It is important to note that the incremental value of genetic information is dependent on the clinical variables available and the populations and timescale of interest. Recent studies on the AMD risk assessment from AREDs subjects suggest that the improvement in AUC resulting from genetic factors can be considerably lower when additional clinical and demographic variables such as the presence of large drusen, advanced AMD in one eye, and family history are considered.32,33 When these additional covariates were included, overall AUC was considerably increased, from 0.73 to 0.87, and addition of genetic factors only marginally increased the AUC from 0.87 to 0.88. Most importantly, adjusting for the clinical variables, the estimated hazard ratio for CFH and ARMS2 alleles was substantially reduced from 1.97 to 1.28 and from 2.21 to 1.56, respectively. Therefore, in the AMD prevention trials utilizing these additional clinical variables described above, the benefit of genetic information might be marginal. This suggests that—for AMD—much of the genetic risk may be mediated by these strong clinical predictors, and when these clinical predictors are included in models of short-term risk, there is limited additional predictive value in including genetic risk factors. In practice, it will be very useful to prospectively evaluate the risk models including both genetic and environmental risk factors in appropriate samples—a practice that is, unfortunately, not yet common.

Our observation that very large gains in efficiency are possible when DNA biobanks with genetic information on hundreds of thousands of potential trial participants is available is particularly interesting. In this setting, trials can focus on individuals who carry very rare combinations of many risk alleles. For example, by focusing on individuals in the top 1% of the genetic risk of T1D, T2D, AMD, or MI, we predict cost savings of 82%, 40%, 58%, and 41%. If basic clinical information is also stored in the biobank, the potential efficiency gains will be even larger.

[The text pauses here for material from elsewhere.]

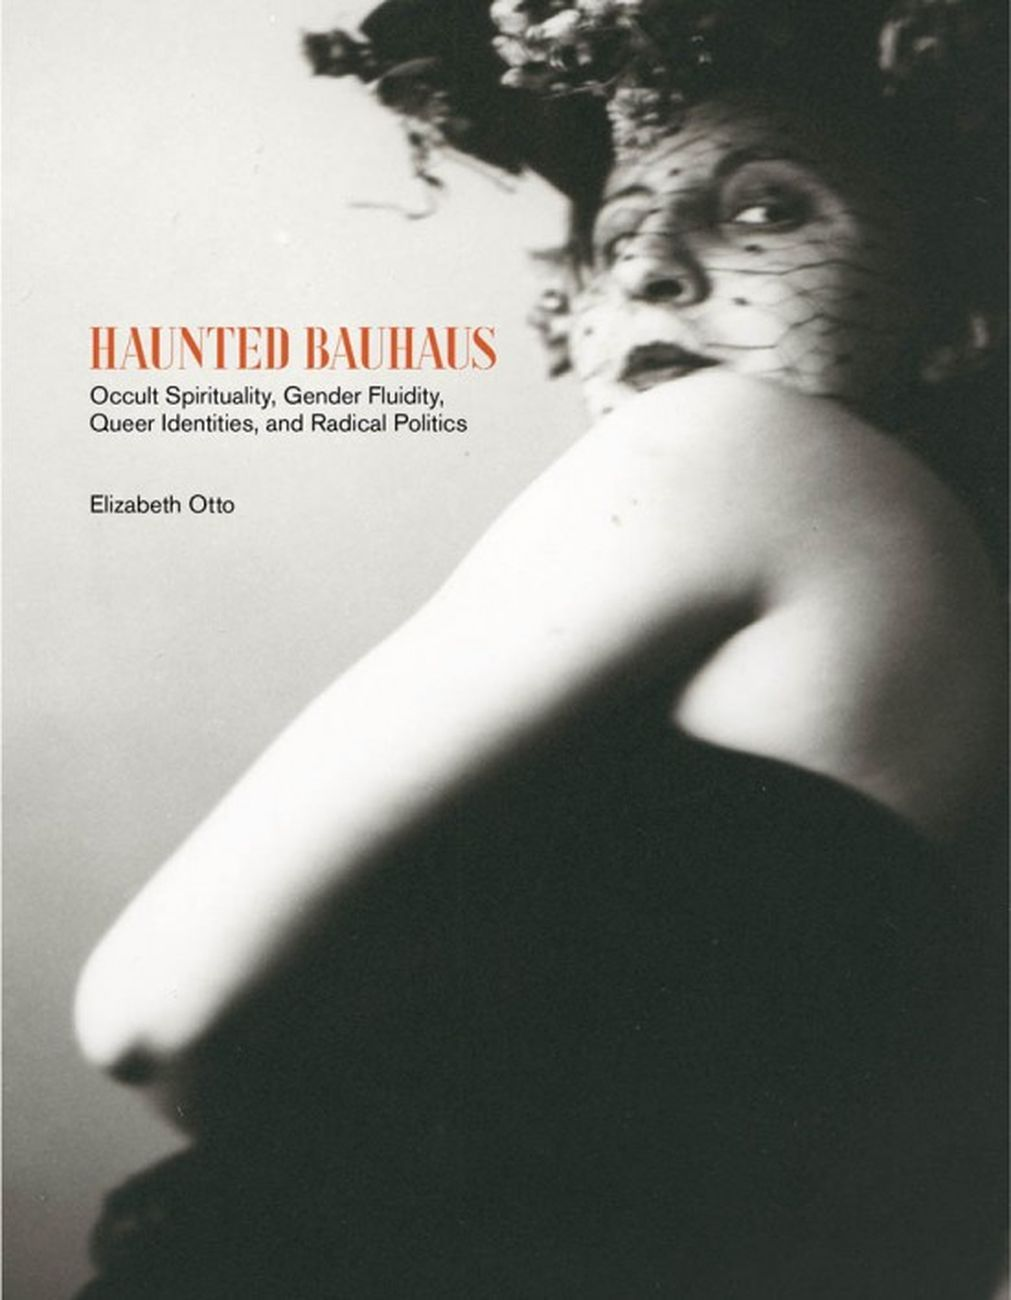 Elizabeth Otto – Haunted Bauhaus. Occult Spirituality, Gender Fluidity, Queer Identities, and Radical Politics (The MIT Press, Cambridge [Mass.] 2020)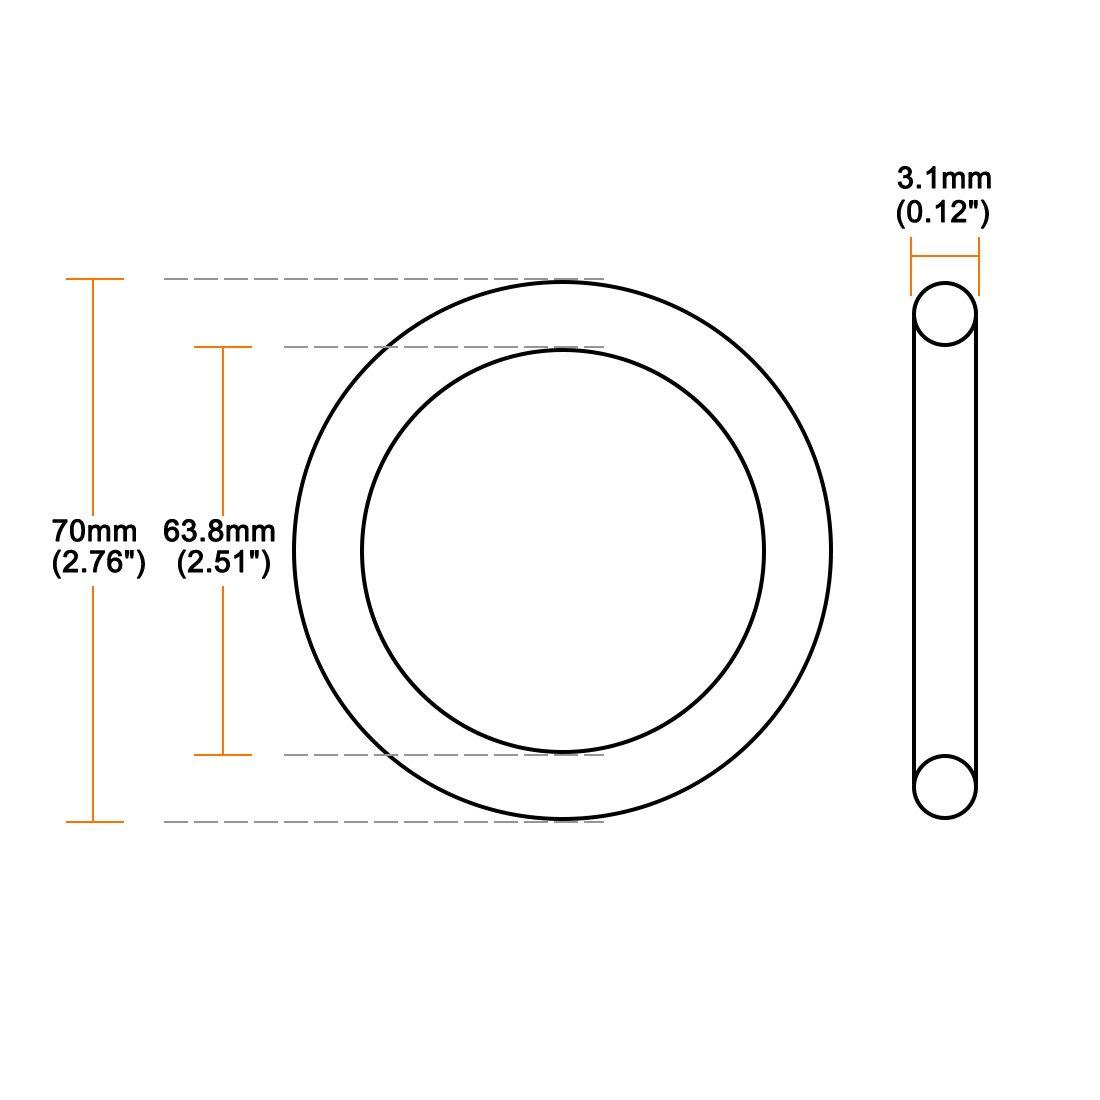 sourcing map 1pcs Silikon O-Ring VMQ Siegel Rings Dichtung Rot 120mmx113,8mmx3,1mm DE de

Our cost models assume a fixed cost of screening and treatment. They do not allow for cost savings that may be possible in very large screening efforts; or, conversely, for cost increases that might result from the necessity of extending screening to additional sites. They also assume that genetic risk factors do not impact treatment efficiency—although that may not always be the case. Interestingly, we note that the ratio of screening, genotyping, and on-trial costs has a noticeable impact on the potential benefits of genetic information for trial design. Because genetic information potentially allows for smaller numbers of on-trial individuals, its benefits are particularly important when the on-trial costs are large. For our hypothetical AMD enrichment trials, an increase in on-trial cost per subject from $3,500 to $20,000 would mean that an enrichment strategy combining genetic and clinical variables could enable a savings of ∼42% in cost (instead of a ∼33% savings when the on-trial costs are lower). As noted above, this savings will also be dependent on the precise clinical variables available for study and the incremental predictive power of genetic information over these variables.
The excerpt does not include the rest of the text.